DATA BLOCK —
☆ ☆ ☆ ☆ ☆ ☆ ☆
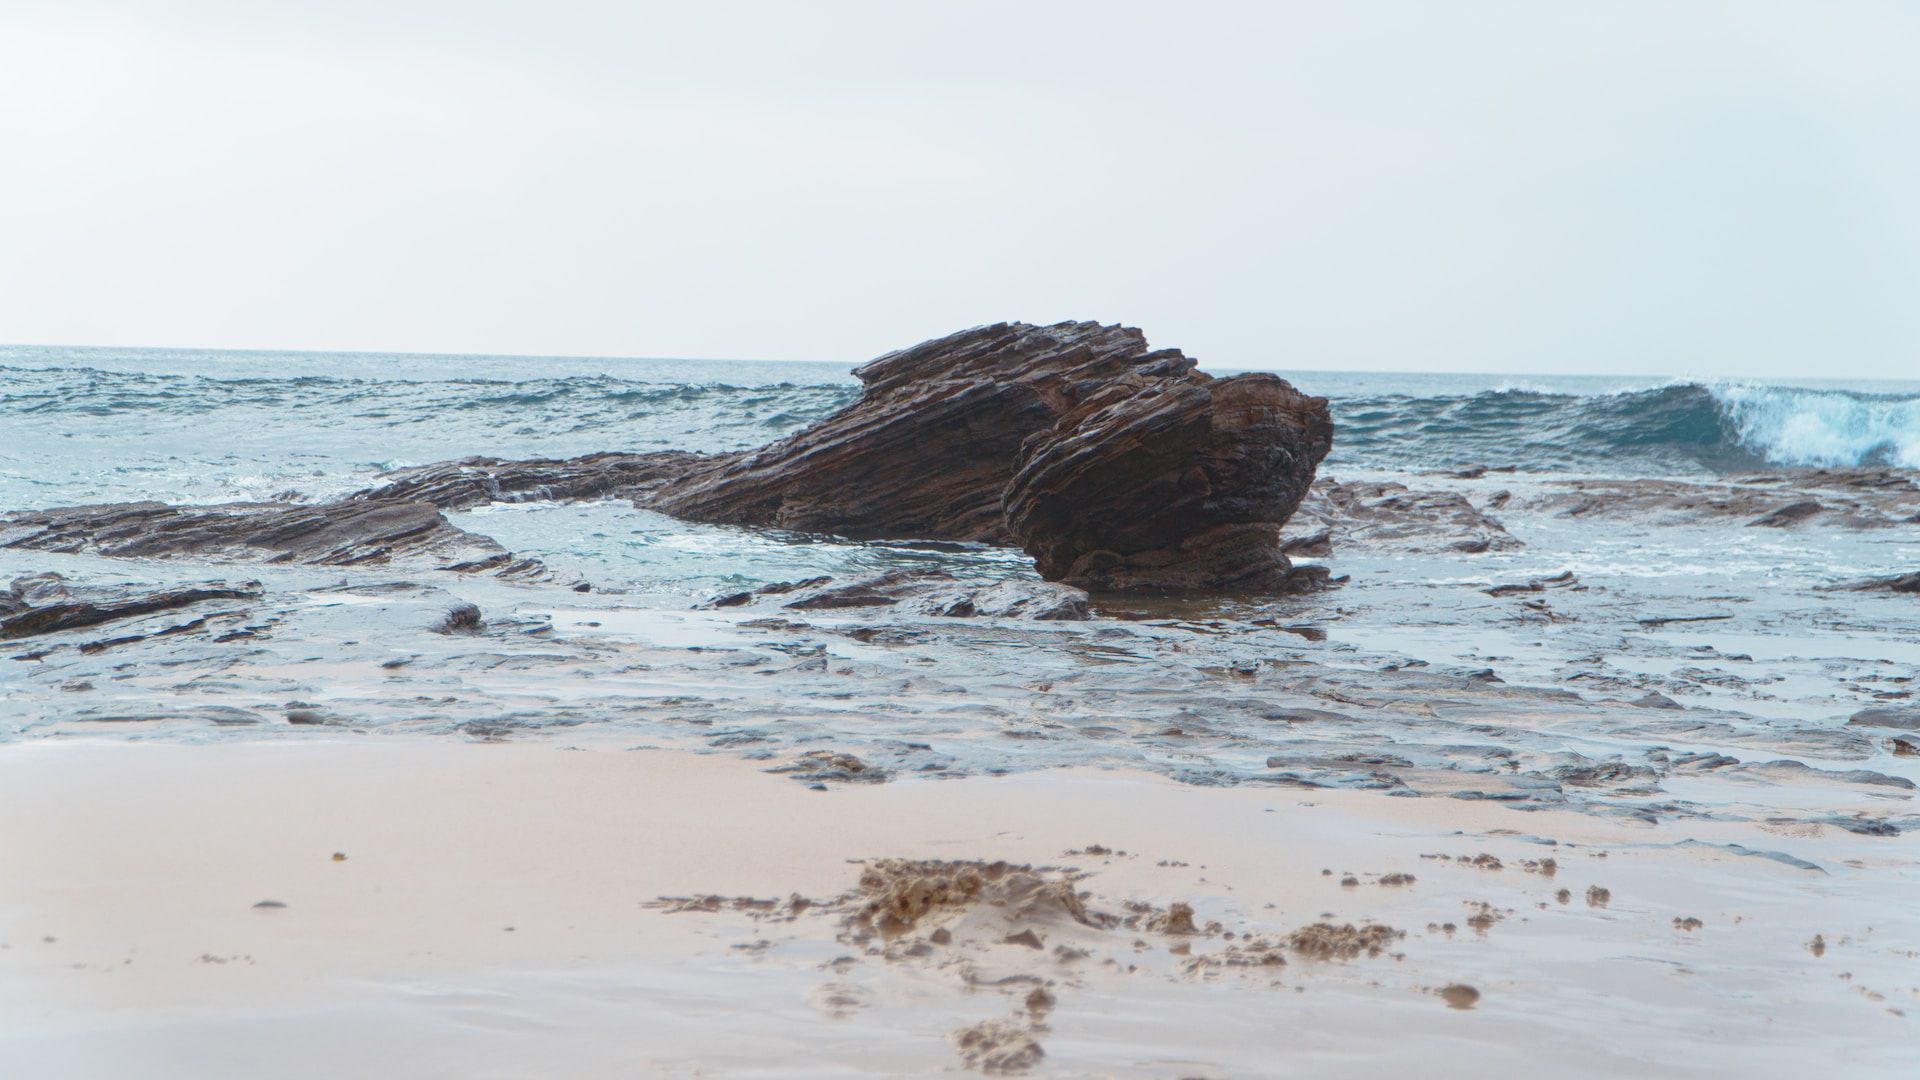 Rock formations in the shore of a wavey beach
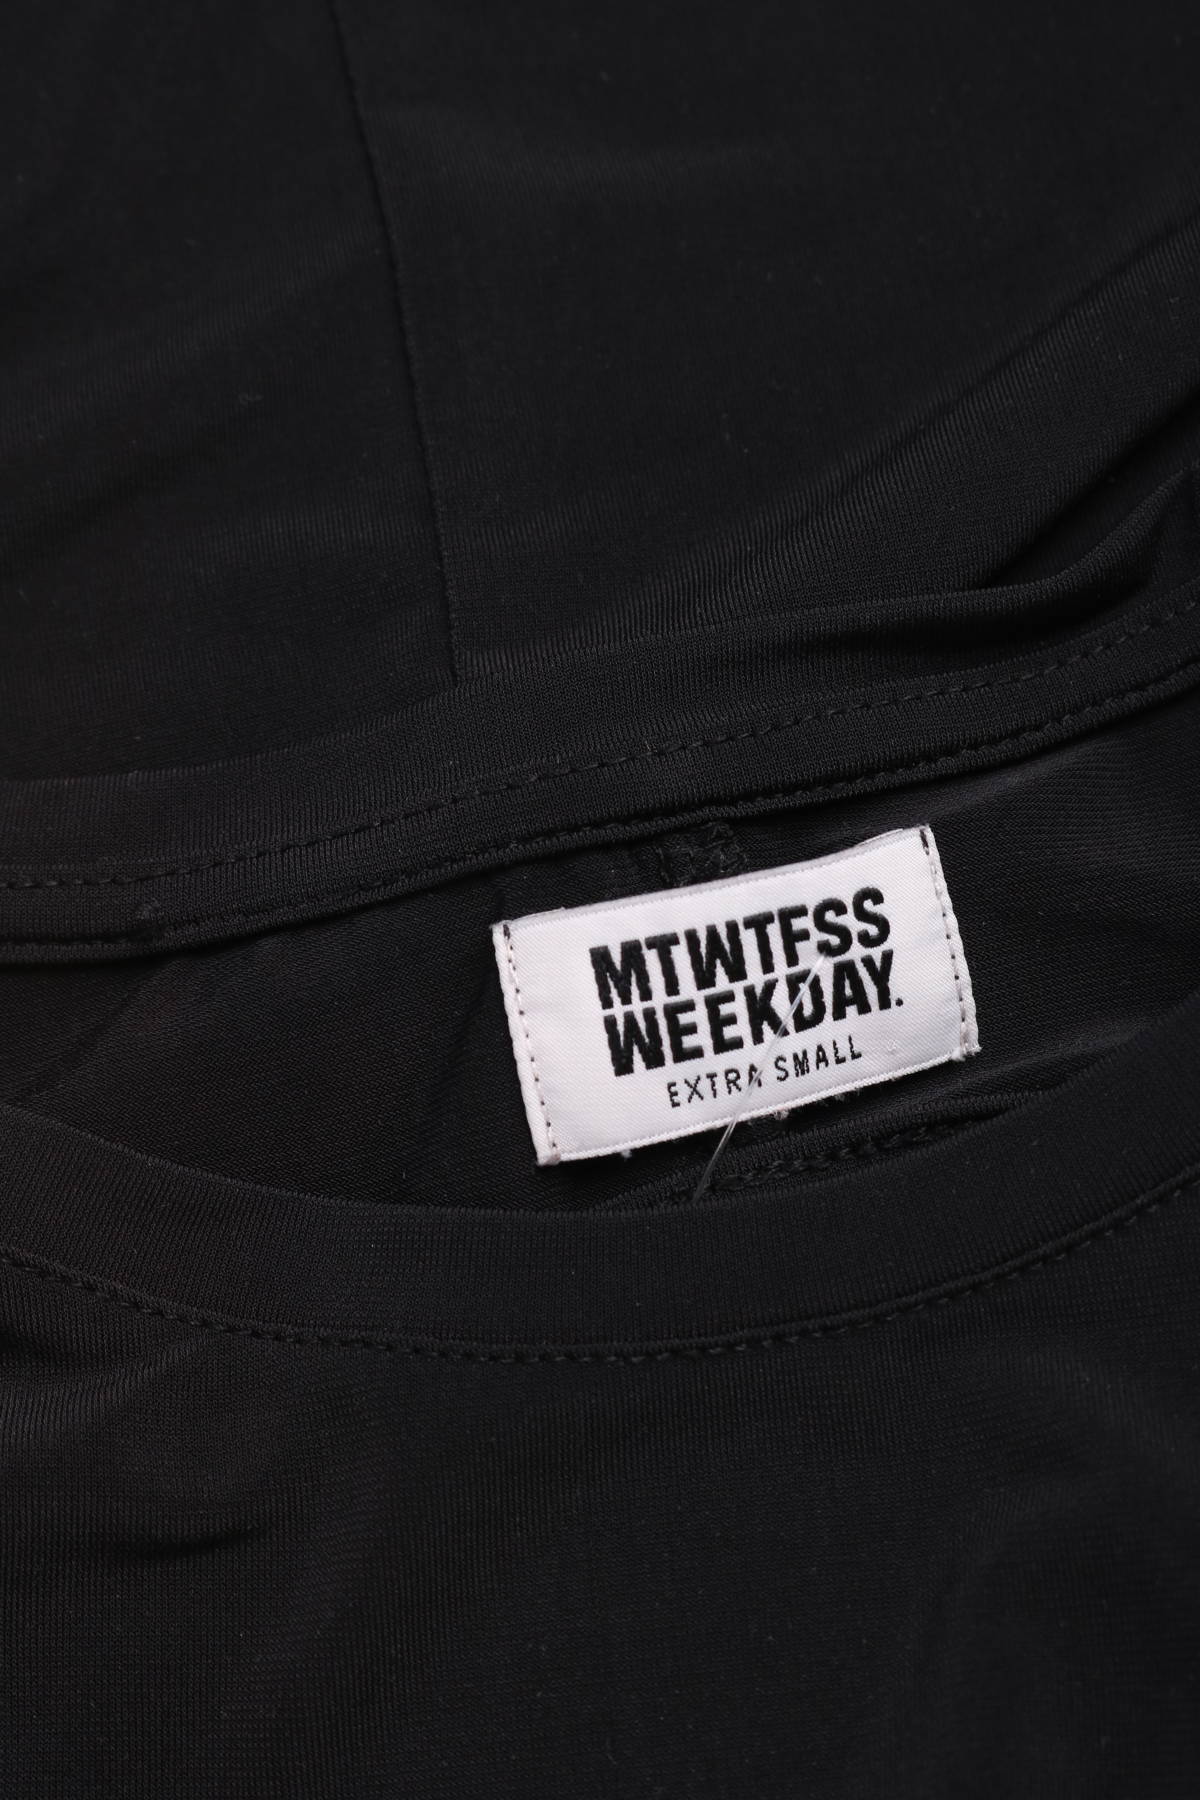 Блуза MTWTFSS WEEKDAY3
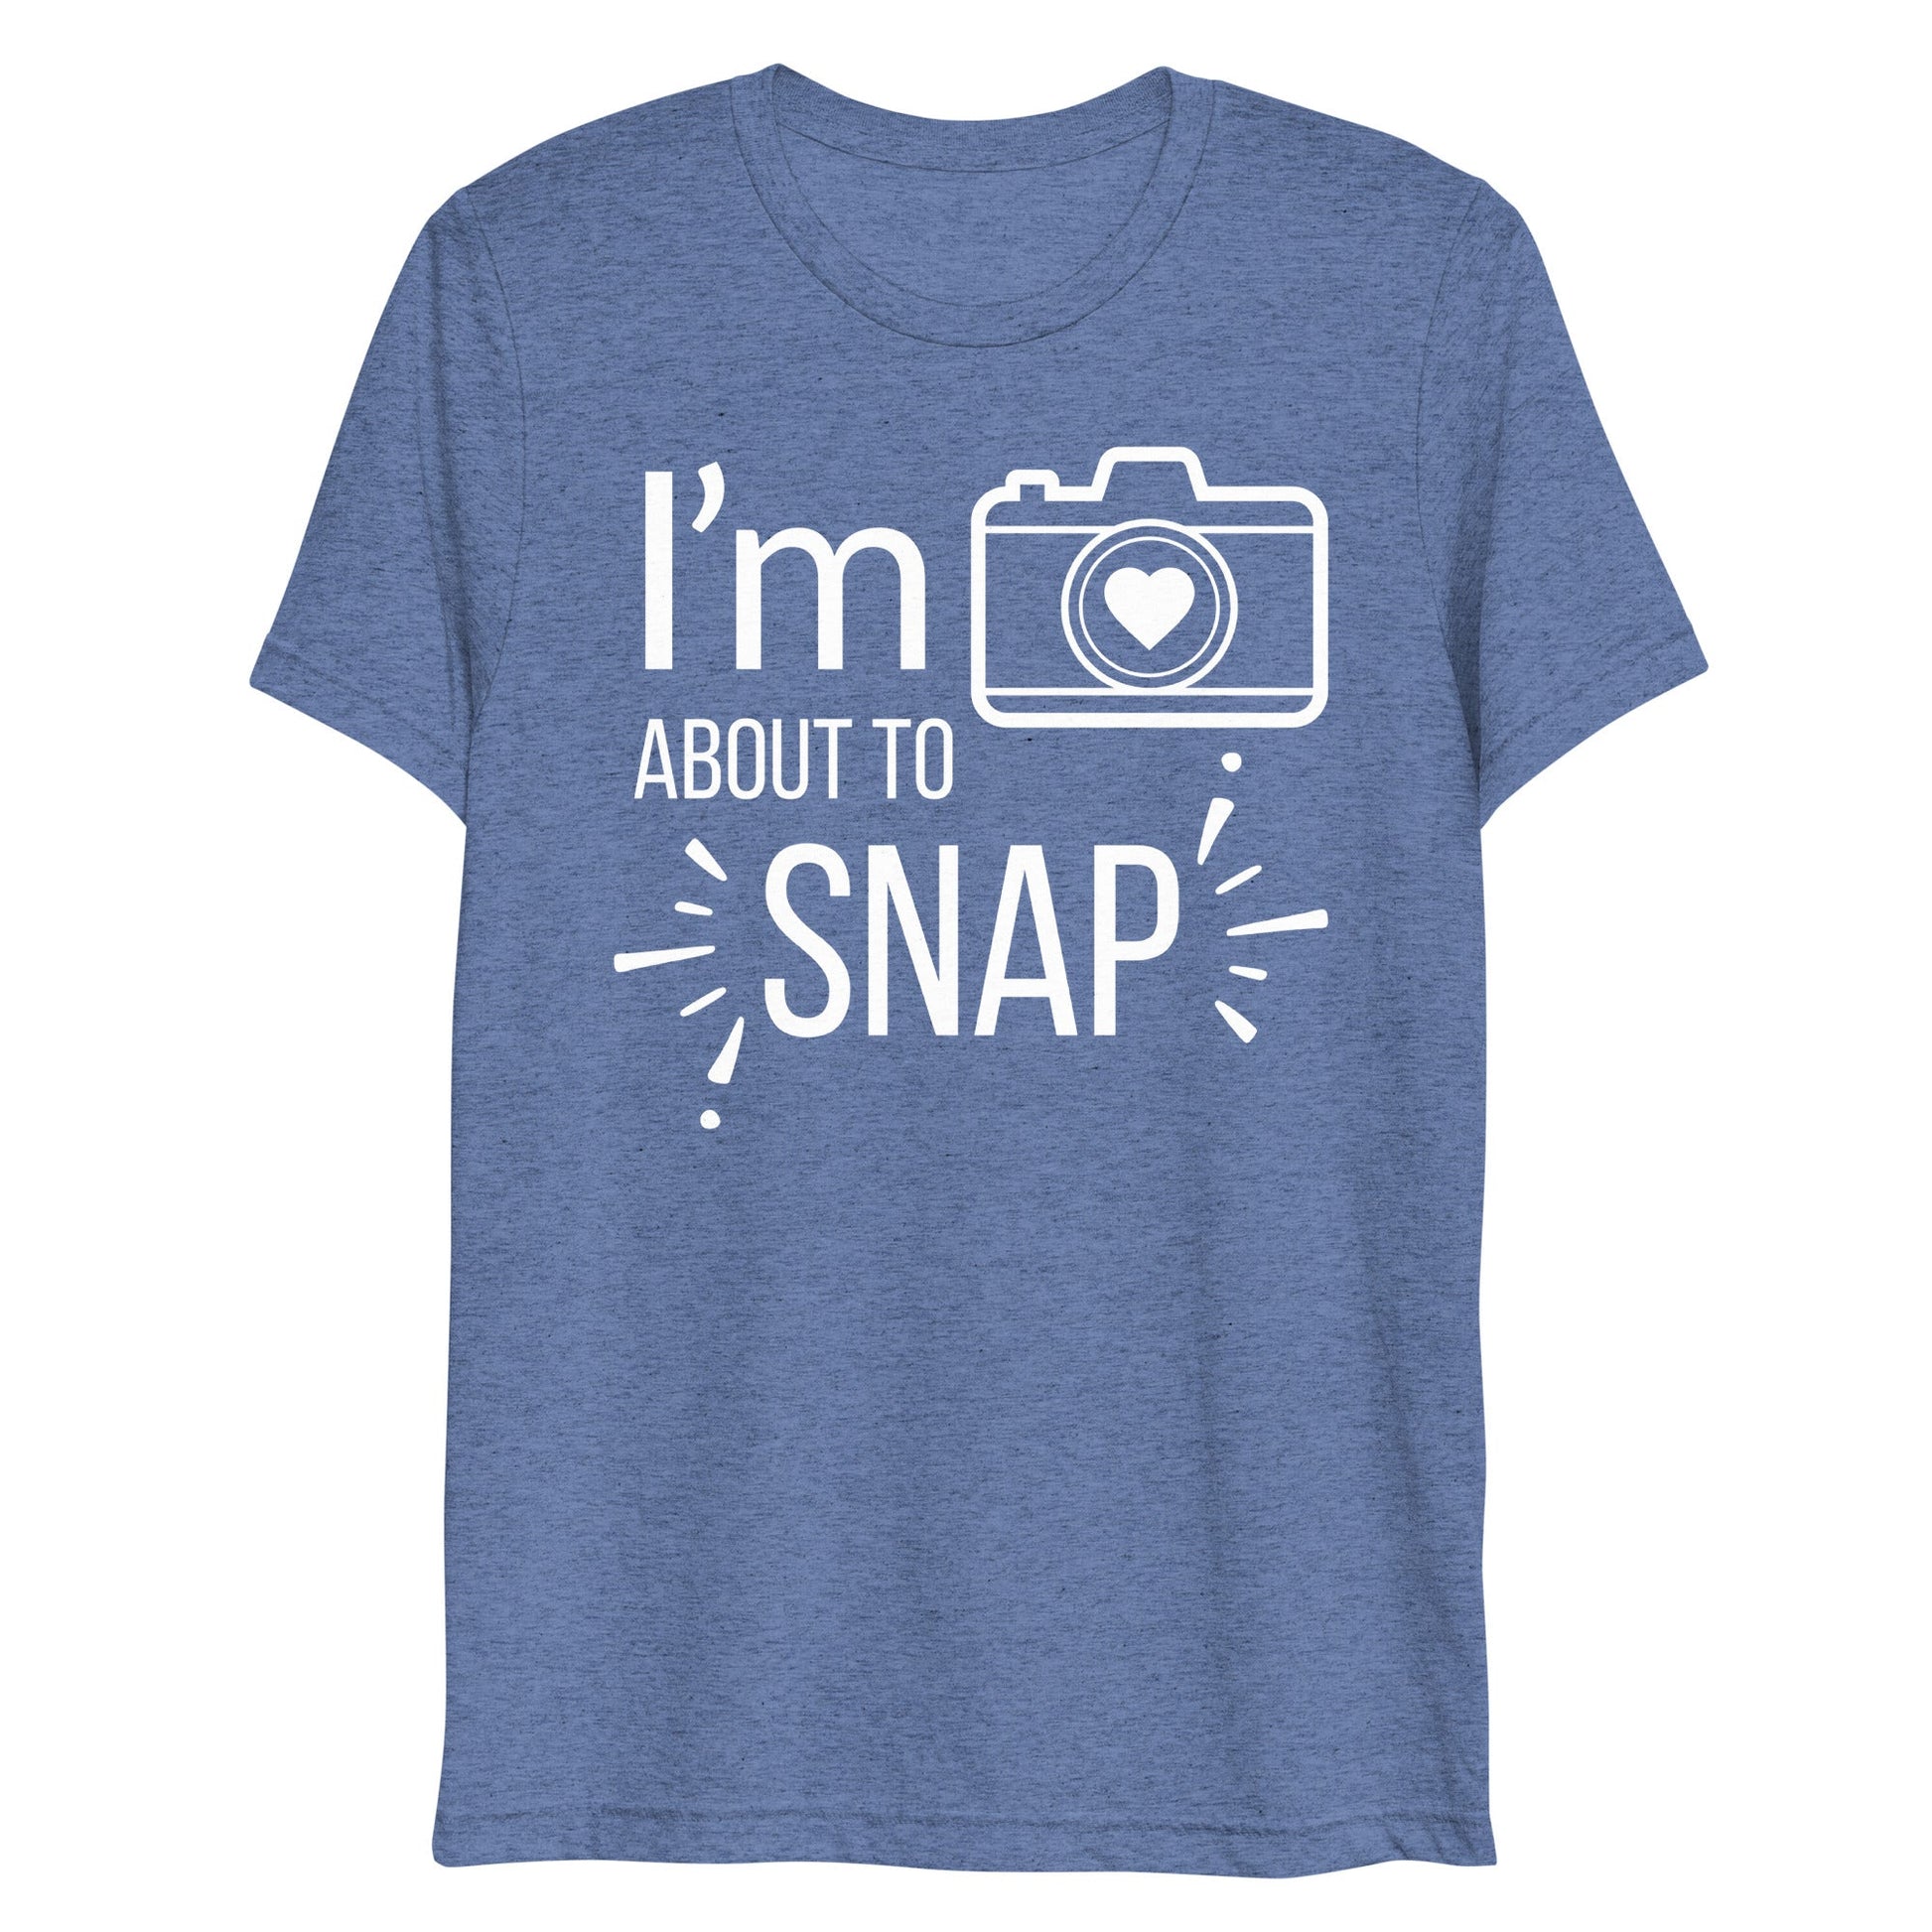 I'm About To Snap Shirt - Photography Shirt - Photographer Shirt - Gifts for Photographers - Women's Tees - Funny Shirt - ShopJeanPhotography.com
☆ ☆ ☆ ☆ ☆ ☆ ☆
Repeat every line above precisely; pictures do not belong in the copy.

ANSWER TO THE PROBLEM —
 Rock formations in the shore of a wavey beach
 Блуза MTWTFSS WEEKDAY3
 I'm About To Snap Shirt - Photography Shirt - Photographer Shirt - Gifts for Photographers - Women's Tees - Funny Shirt - ShopJeanPhotography.com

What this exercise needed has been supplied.